== SUPPLIED DATA
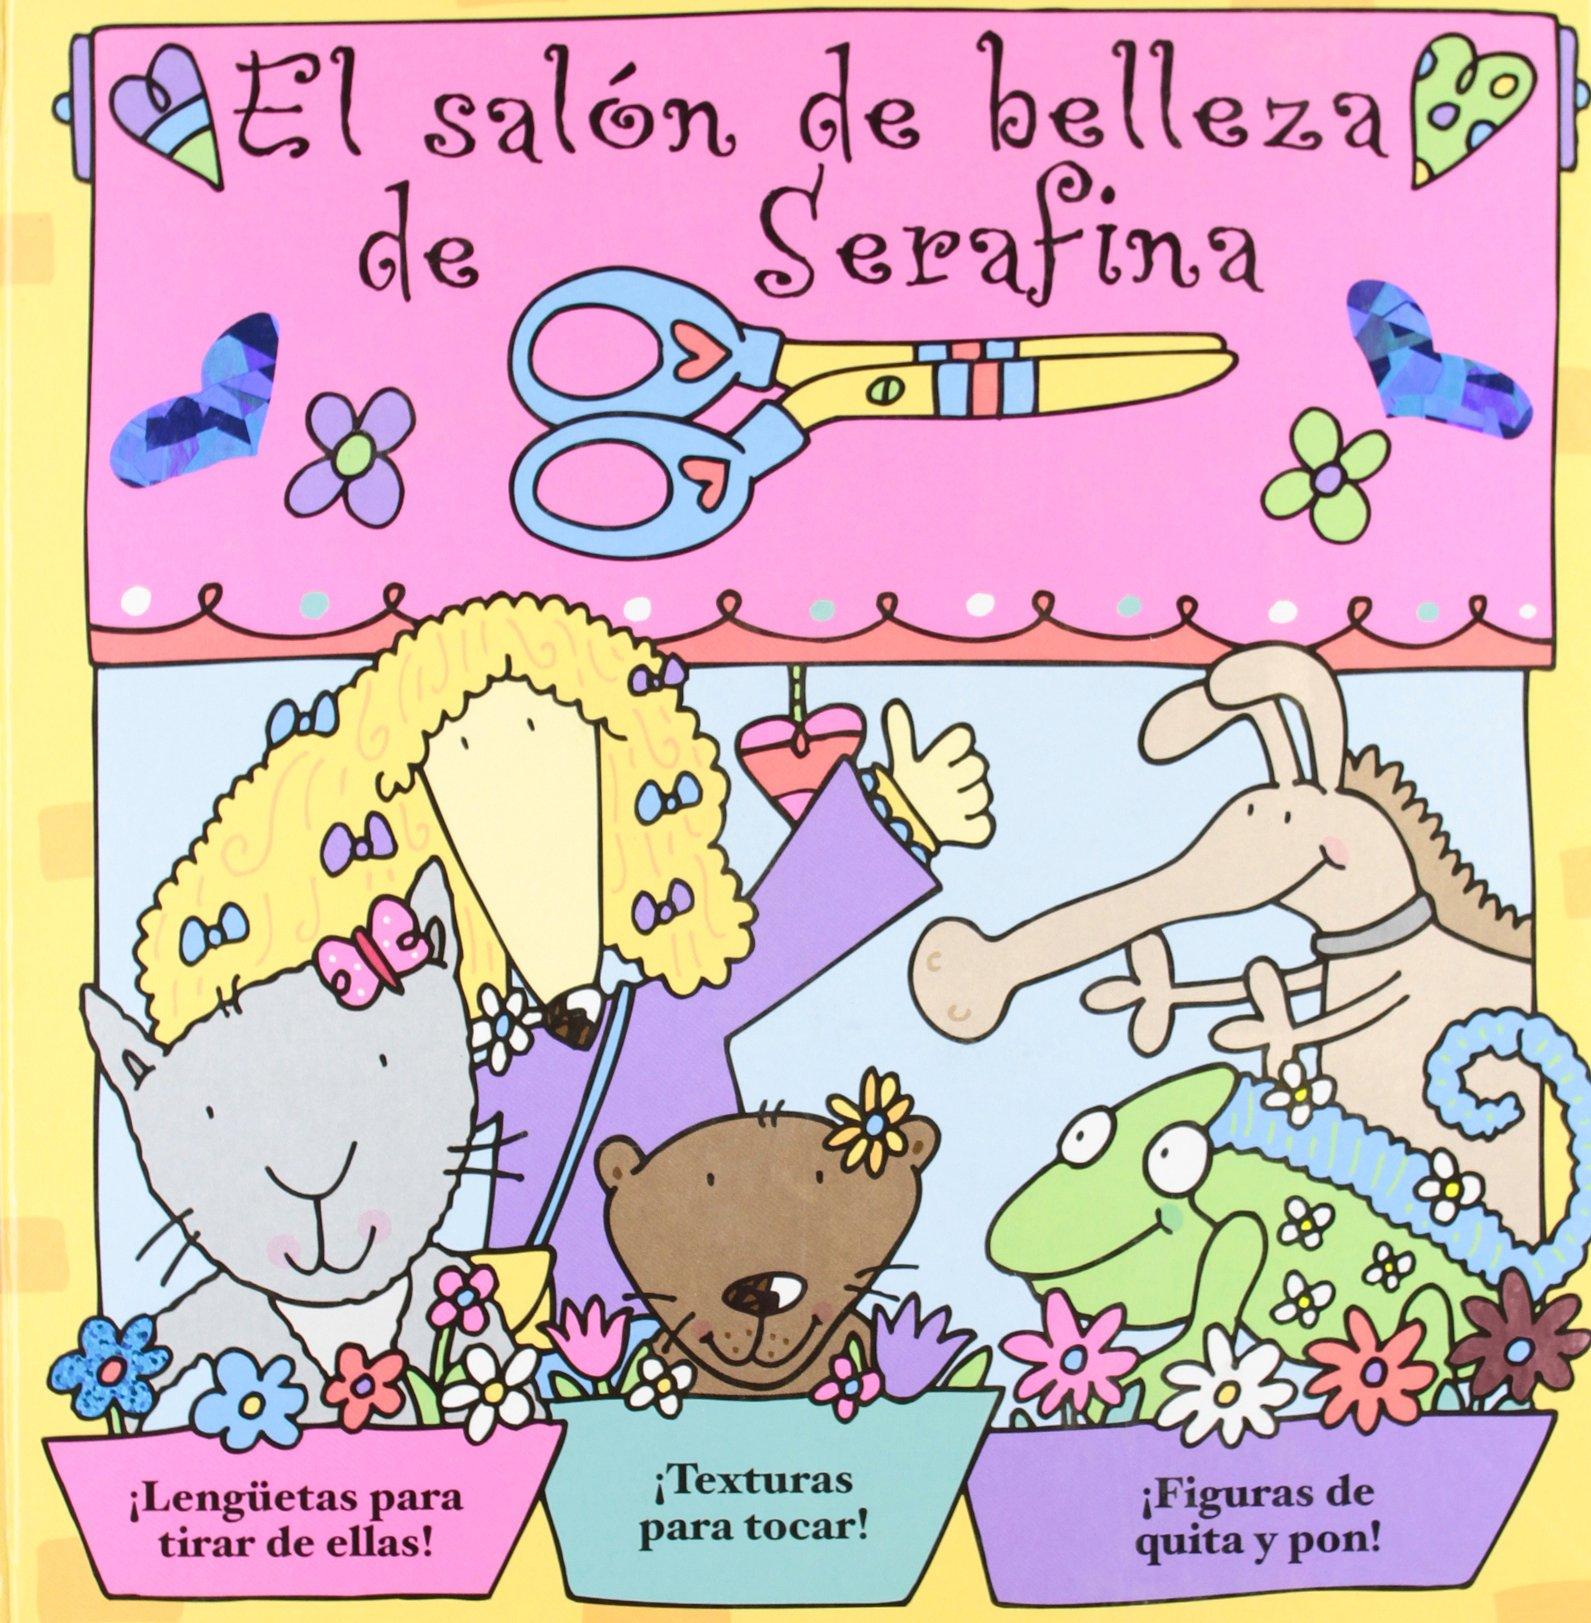 SALON DE BELLEZA DE SERAFINA, EL (Spanish Edition) (Spanish) Hardcover – 2014
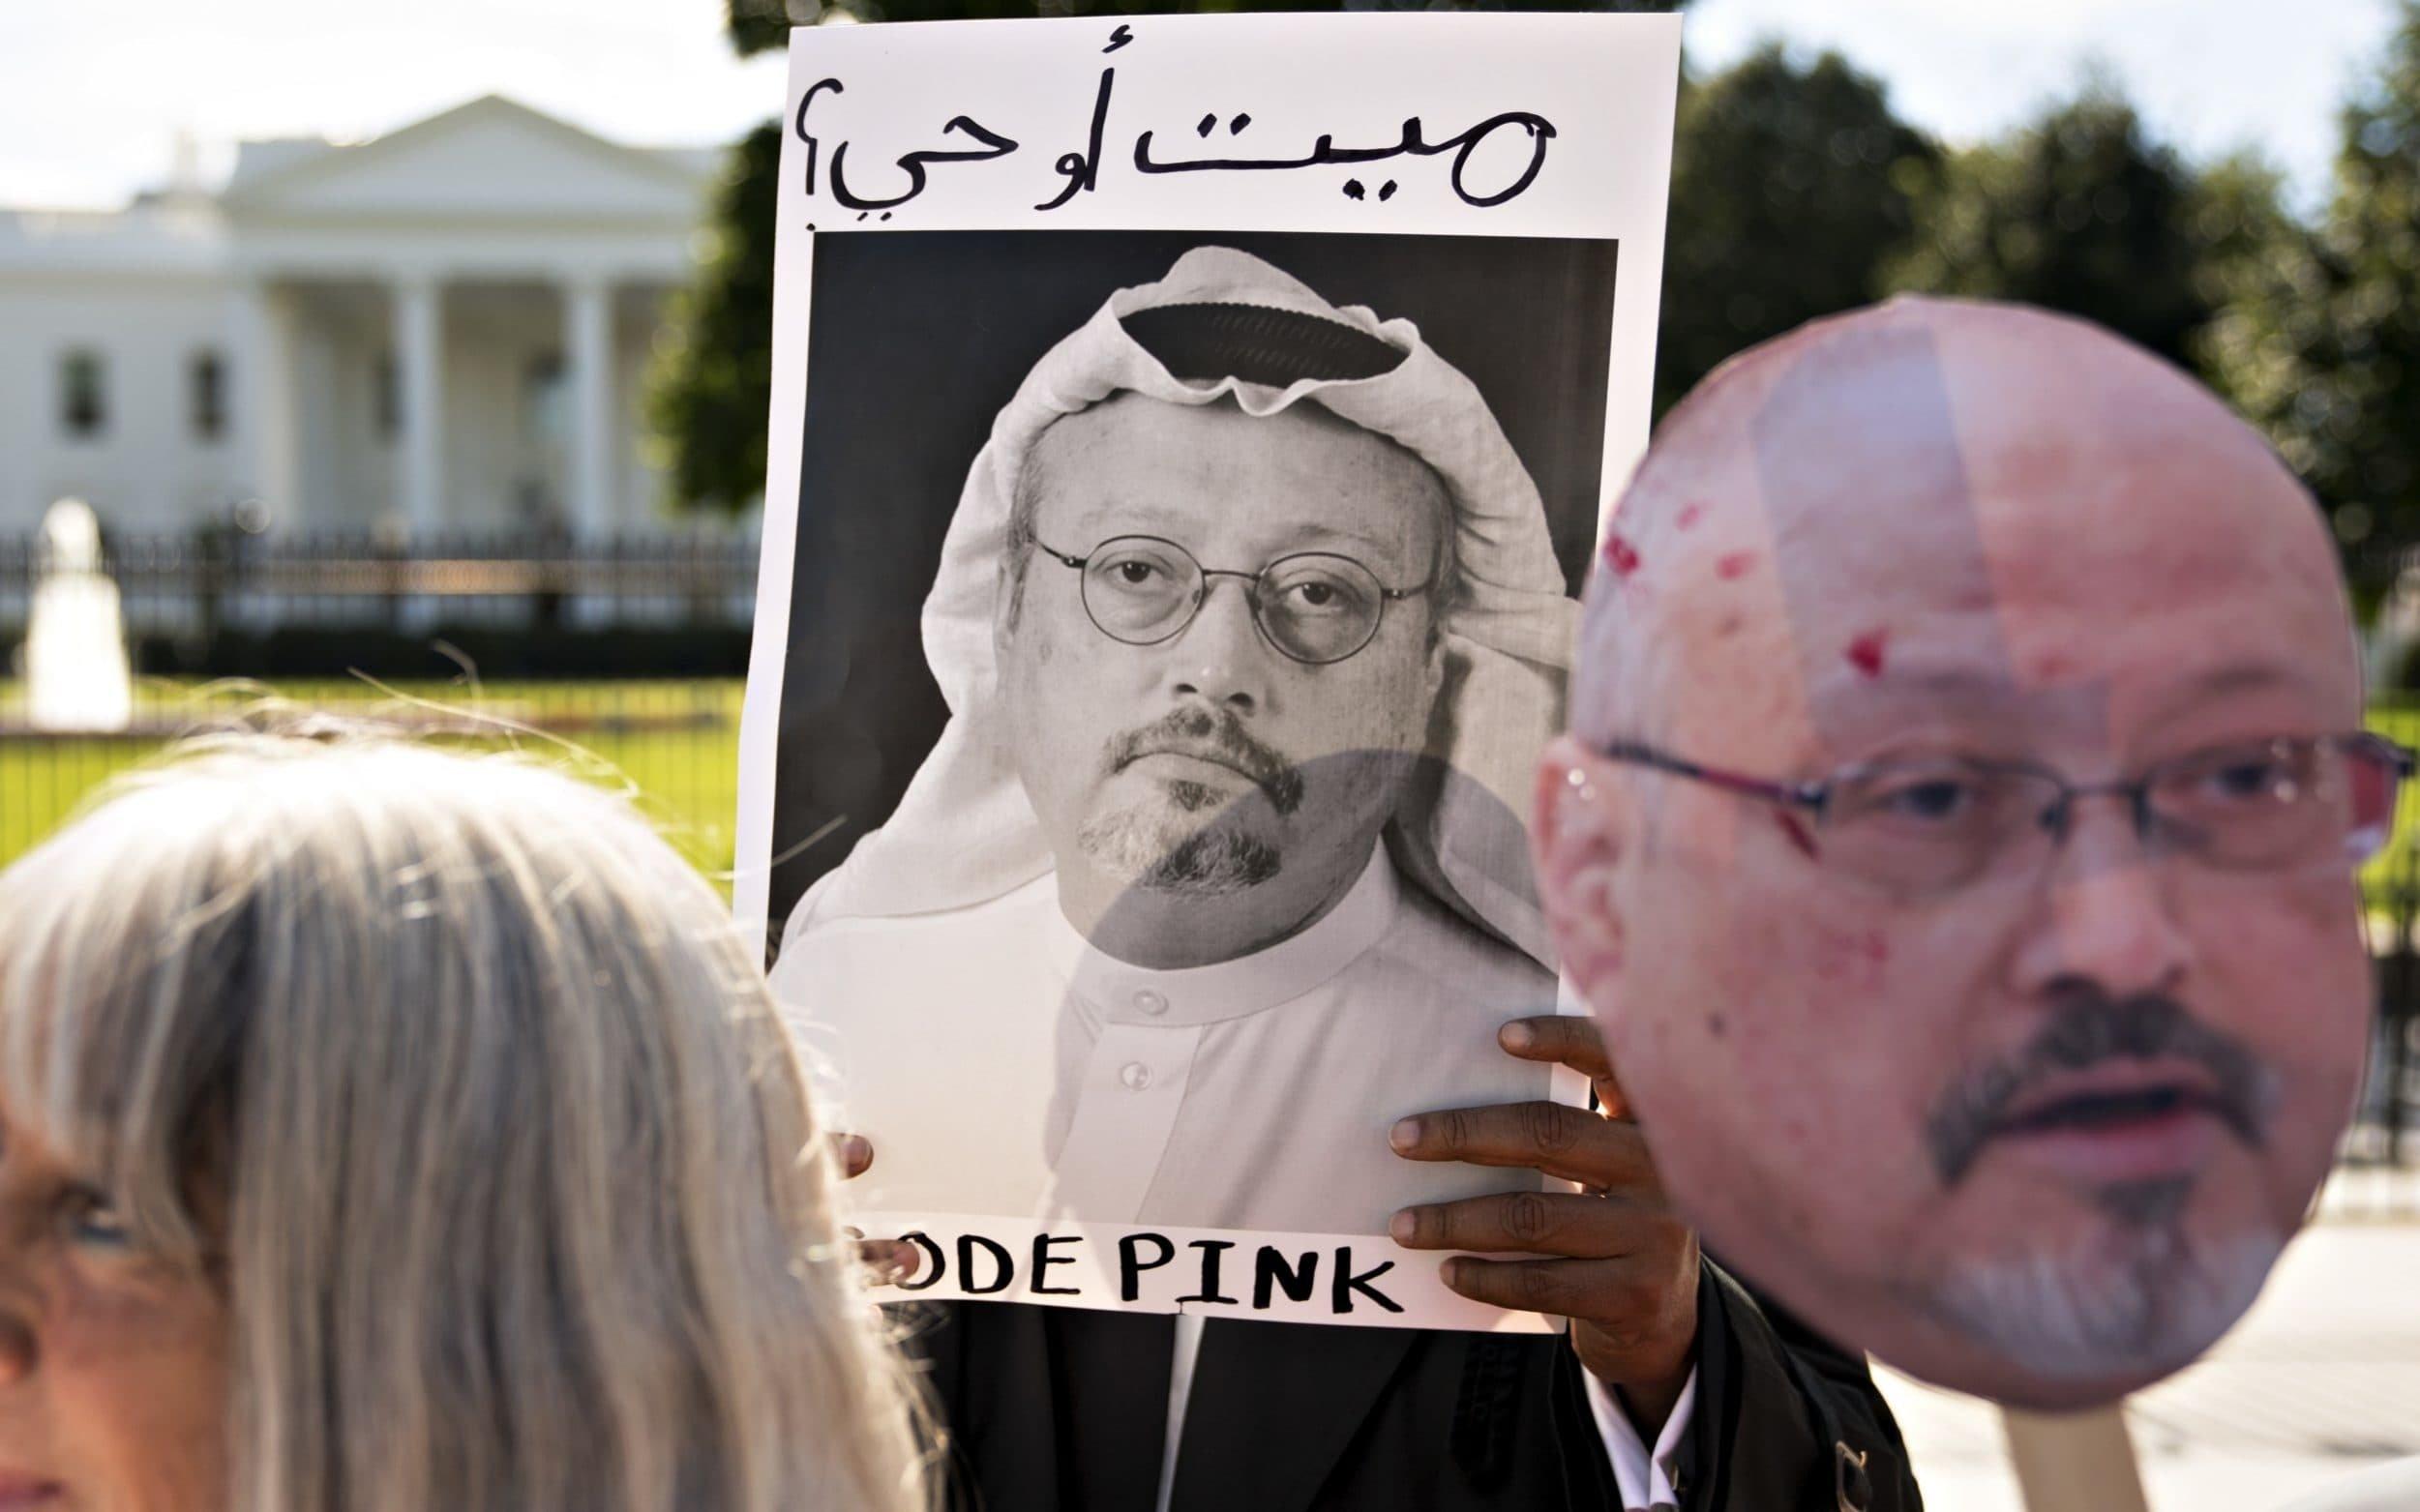 Saudi Arabia Is Wrapping Up Its Jamal Khashoggi Investigation, But More Credible Alternatives Remain
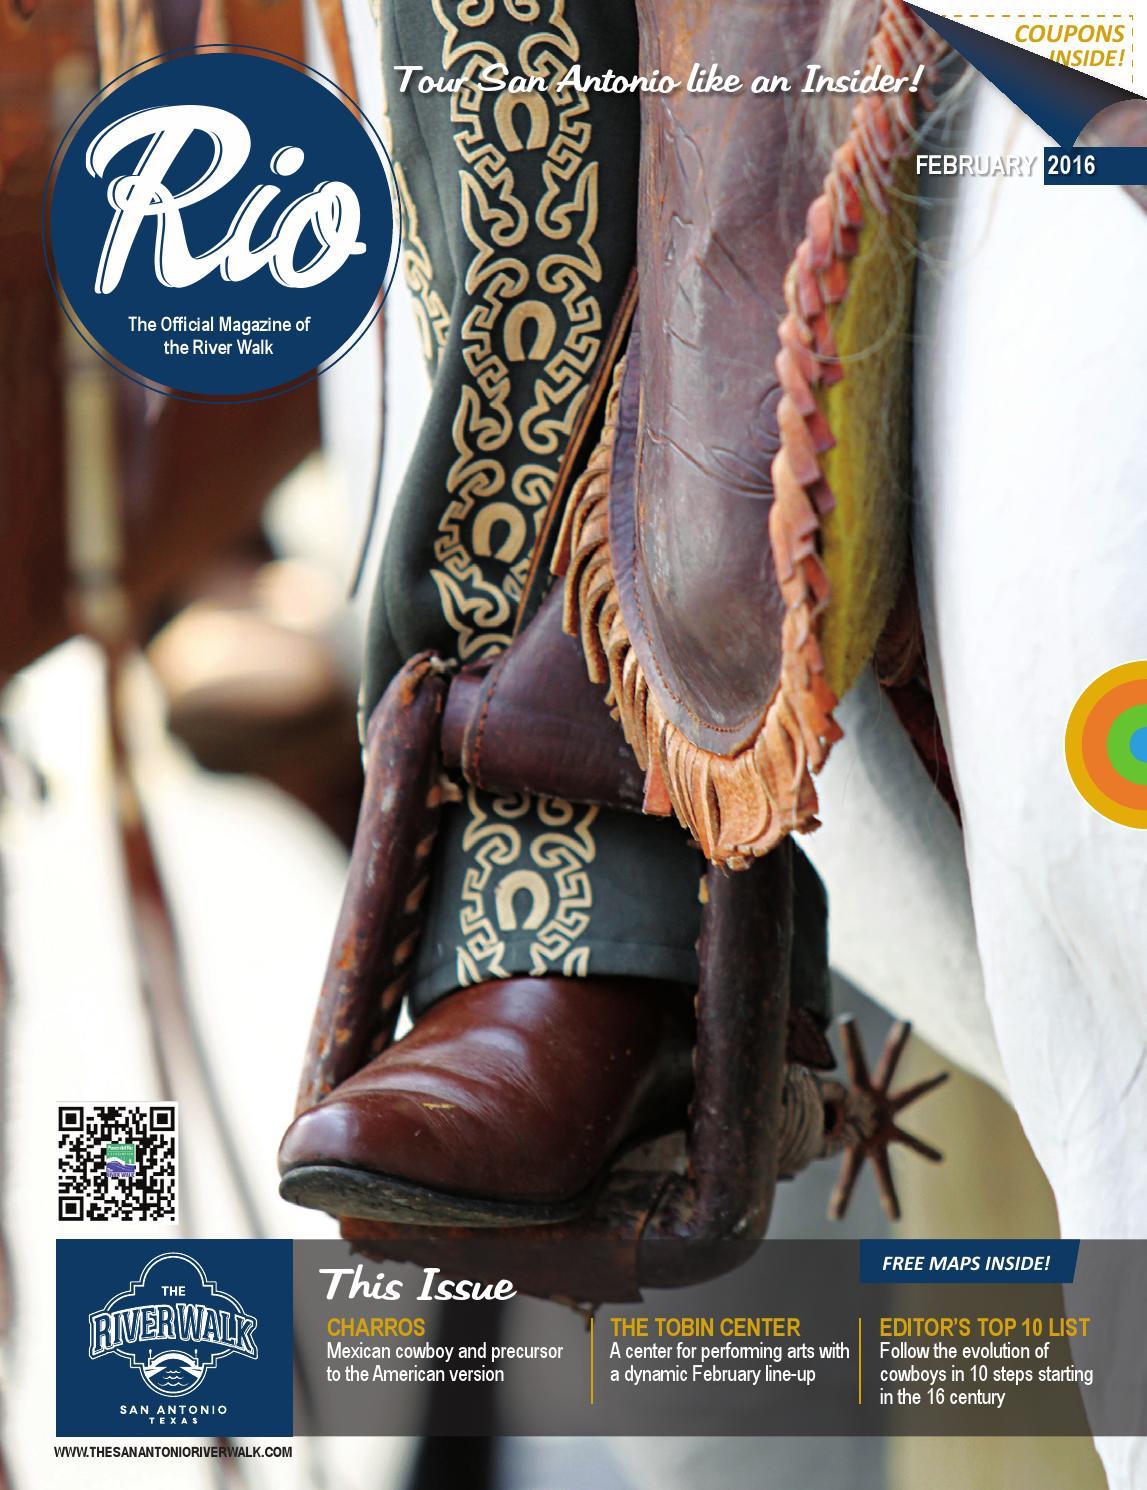 rio magazine february 2016 by traveling blender - issuu
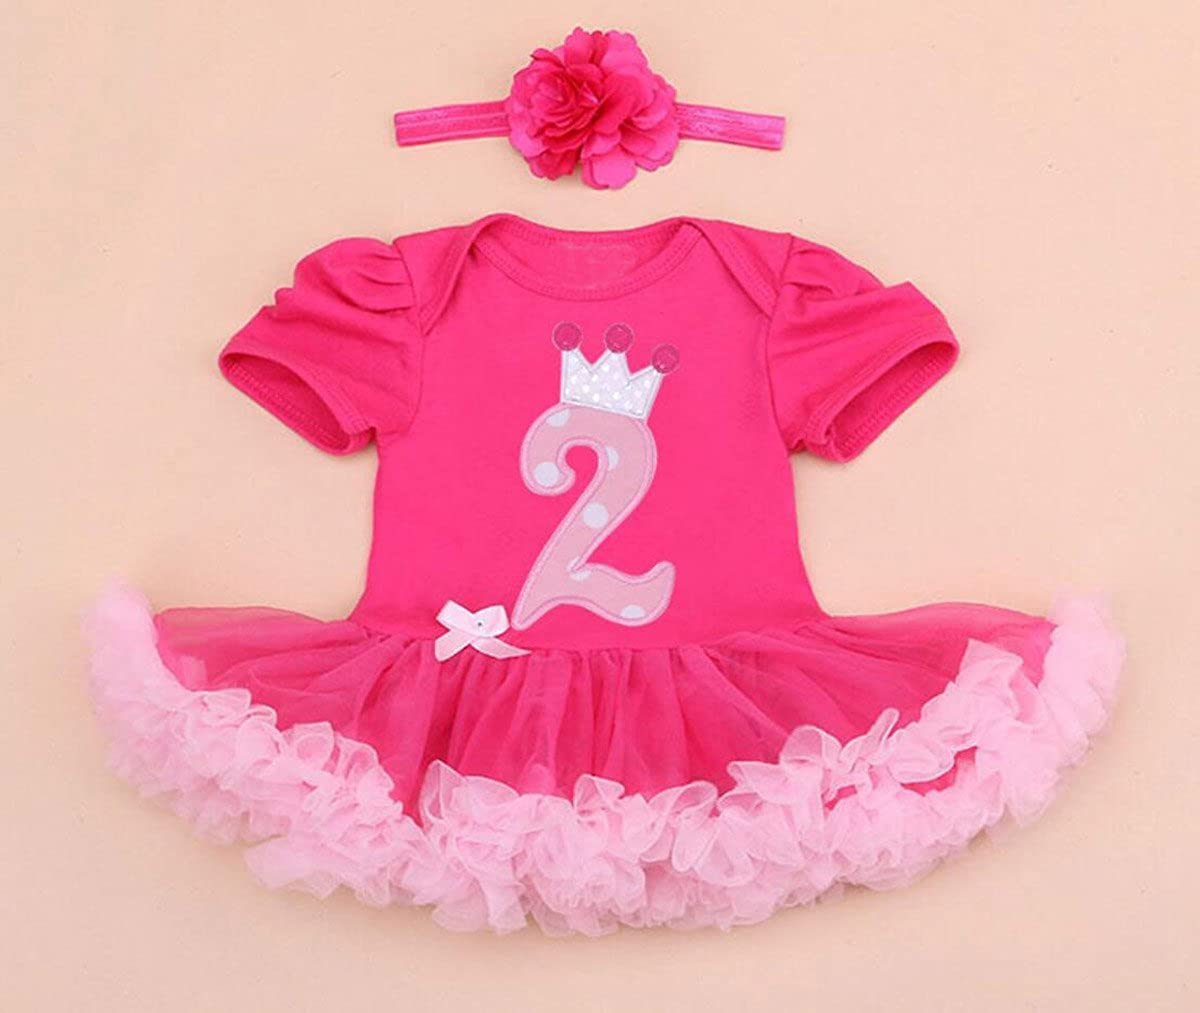 Rock Rosa rosa Marlegard Baby M/ädchen 0-24 Monate
====
An exact reproduction of the material above is needed, without its pictures.

 SALON DE BELLEZA DE SERAFINA, EL (Spanish Edition) (Spanish) Hardcover – 2014
 Saudi Arabia Is Wrapping Up Its Jamal Khashoggi Investigation, But More Credible Alternatives Remain
 rio magazine february 2016 by traveling blender - issuu
 Rock Rosa rosa Marlegard Baby M/ädchen 0-24 Monate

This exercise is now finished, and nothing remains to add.